Adobe Creative Suite 3 comes with a bold new set of icons. Really, really bold. Daringly bold:
Too daring? Doth Adobe dareth in overabundance? Oh yes. They’re mystery meat and ignore you in favor of the Adobe Desktop Branding System ExperienceTM:
Taken in isolation, the individual icons are in no way spectacular - that was never their role. Their elegance comes from how the entire desktop brand system works as a whole. The more Adobe apps you have, the better the system works.

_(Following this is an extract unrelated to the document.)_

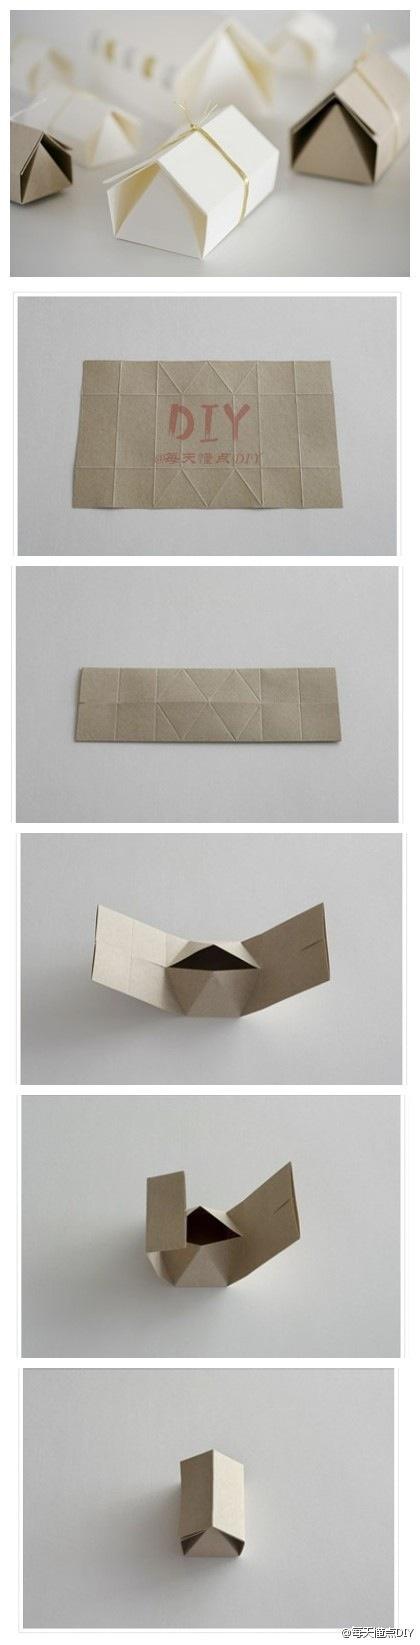 origami house box

Ryan Hicks, Sr. Experience Designer at Adobe
Icons need recognizability, differentiation, scanability, and obviousness — all these babies all went out the window with the bathwater. If this were the late 90’s, I’d be legally obligated to call it the binary baby and cyberbathwater, but luckily in Amalgamated Button Manufacturers vs. Ashcroft the Supreme Court overturned the Information Interstate Superhighway Nomenclature and Pothole Filling Act of 1994.
Pop Quiz! Using the image above, you have four-tenths of a second to pick out the icon for Encore readysetgo!

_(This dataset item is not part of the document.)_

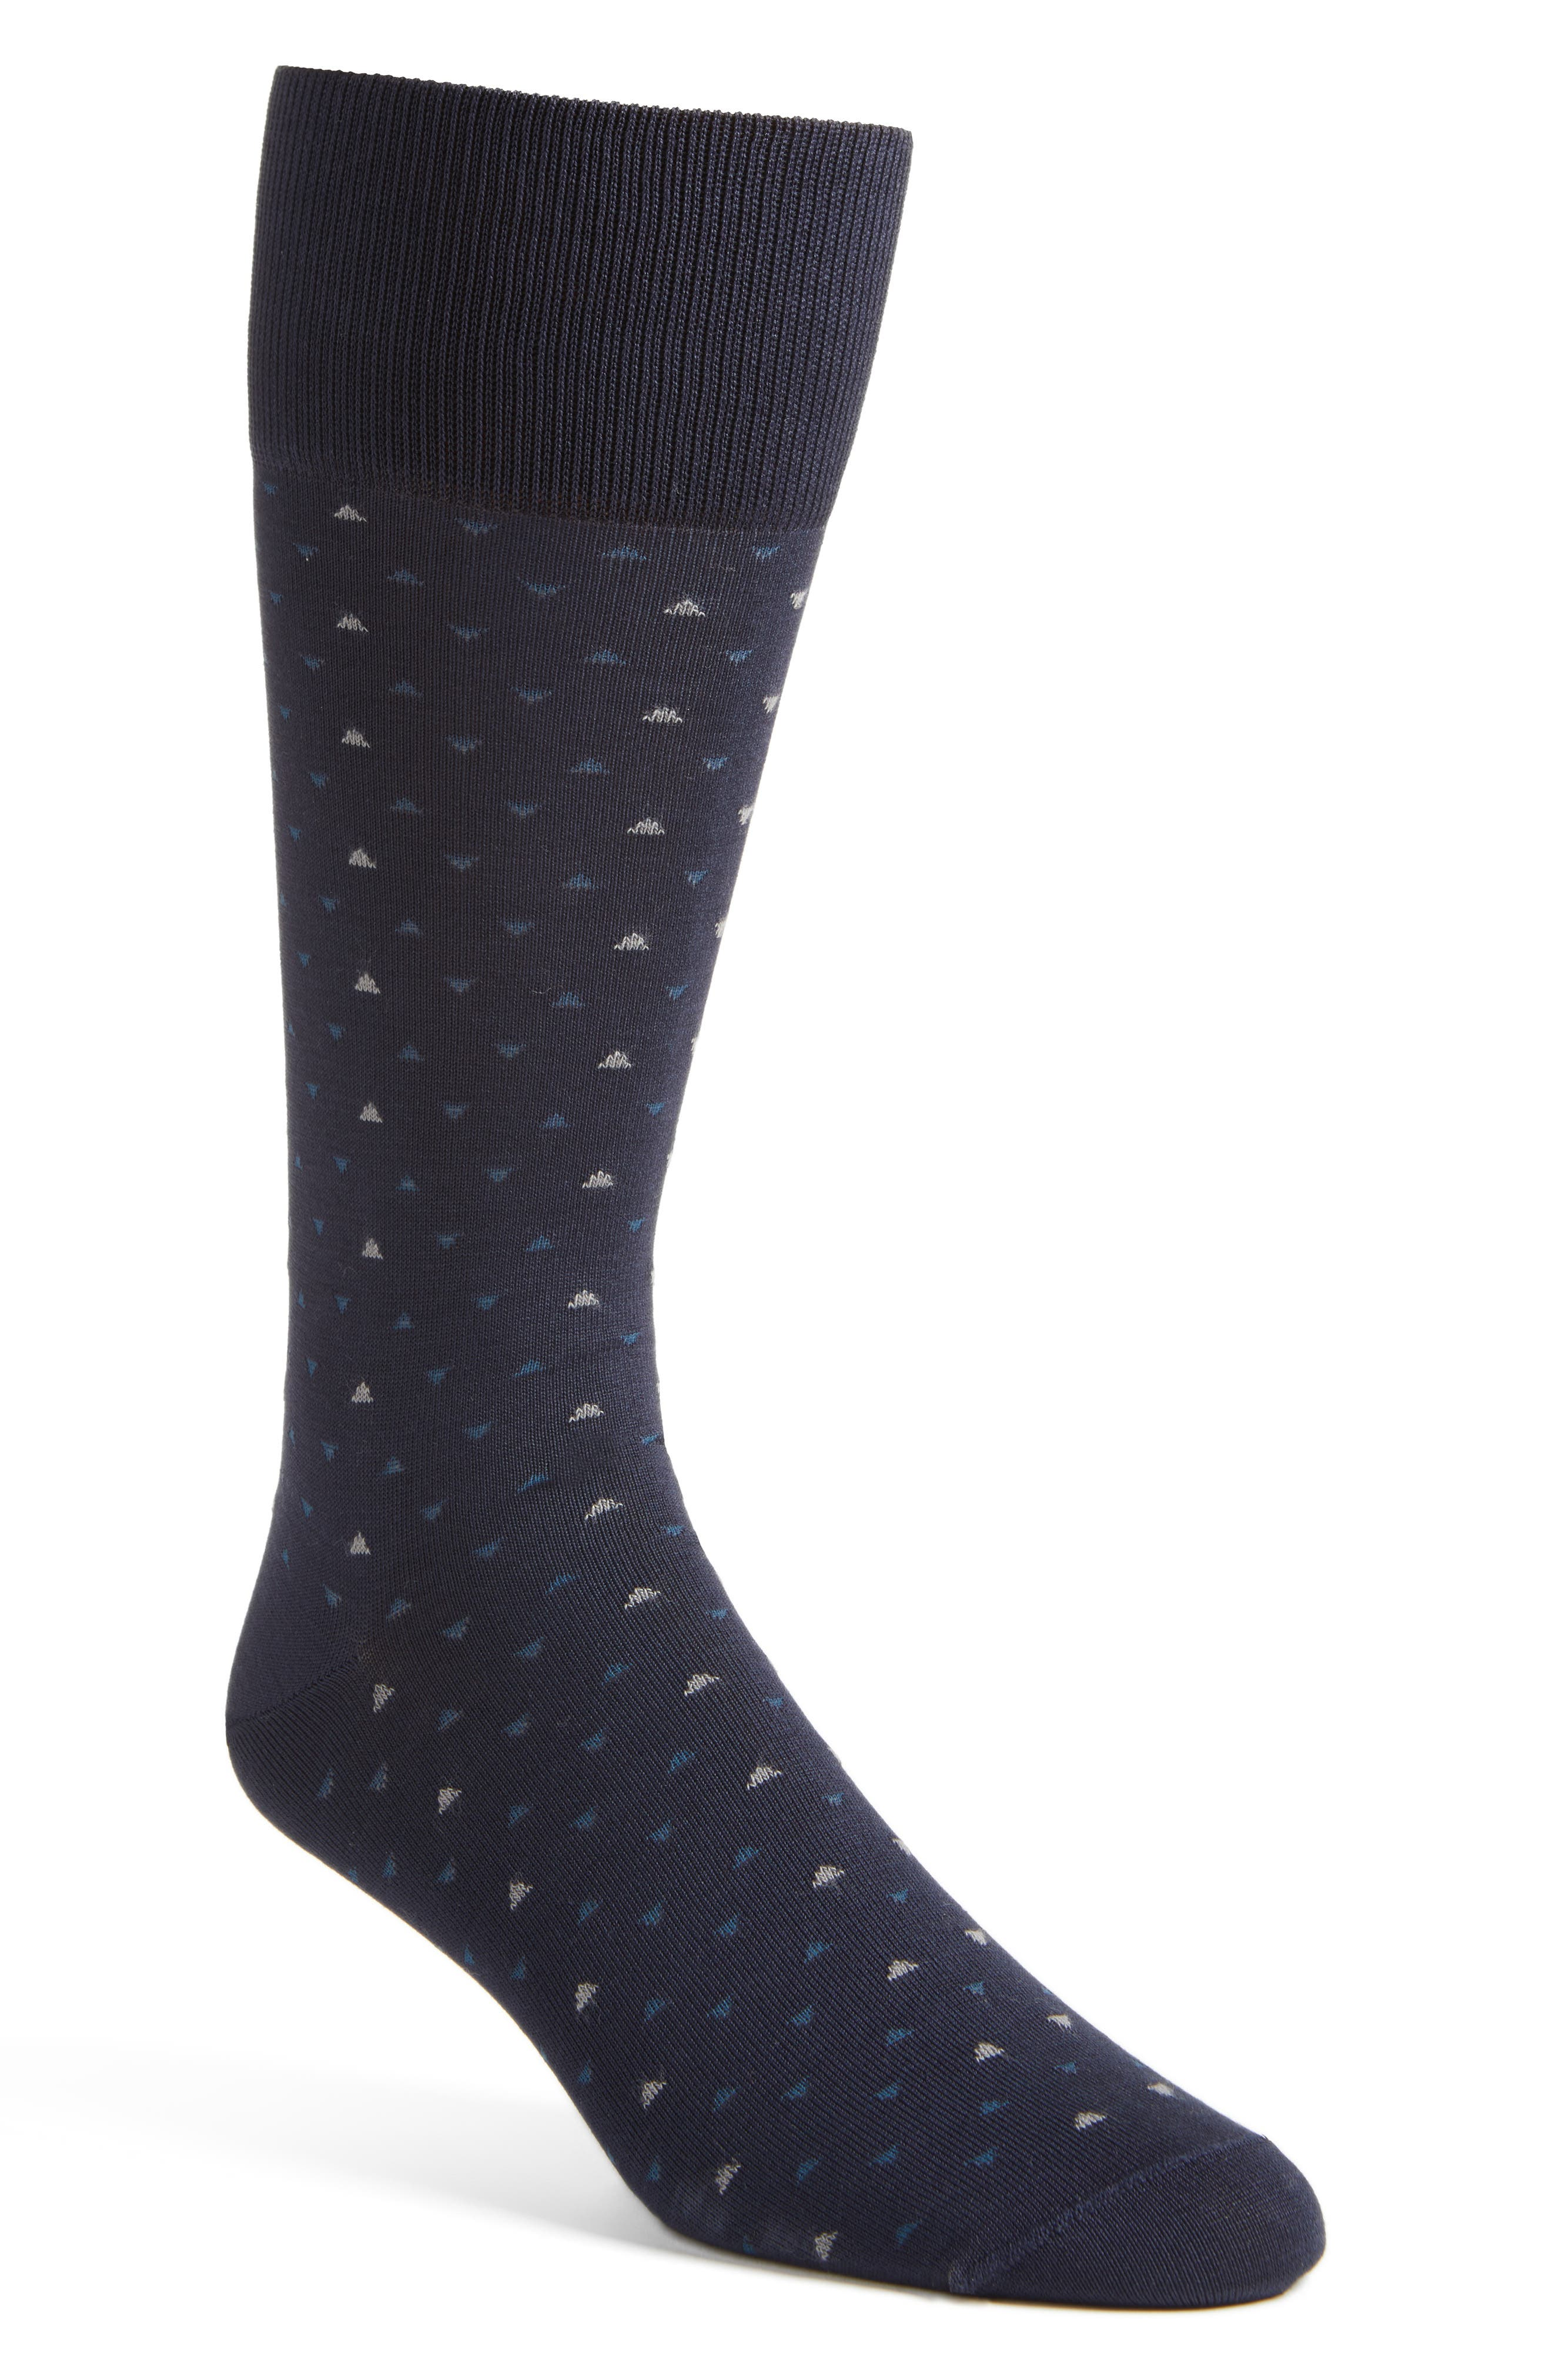 Alternate Image 1 Selected - John W. Nordstrom® Over the Calf Cascading Triangles Socks

You fail!* If you can’t pick the icon out of the tastefully-arranged Branding Experience, do you think you’ll find it when it’s 4:53 PM on the Friday of your daughter’s Little League Baseball World Series and you have to finish the already-four-days-late project that was so crucial no one got back to you for two weeks when you told them you needed that spreadsheet and why doesn’t anyone in this office support you because don’t they know that staring at the kitten poster doesn’t stop you from wondering if the carpet-covered walls are flammable? Less dramatically (you’re pretty high-strung, aren’t you?), there will be a constant speedbump to pick one pair of letters on a little color-coded lozenge out of the chaos of your desktop and especially out of other paris of letters on little color-coded lozenges. The more Adobe apps you have, the worse the system works. You read instead of glance, search instead of find.
Yes, I know you said you didn’t fail because you’re special and you always acheive the rhetorical challenges posted on blogs. No need to post self-congratulatory comments.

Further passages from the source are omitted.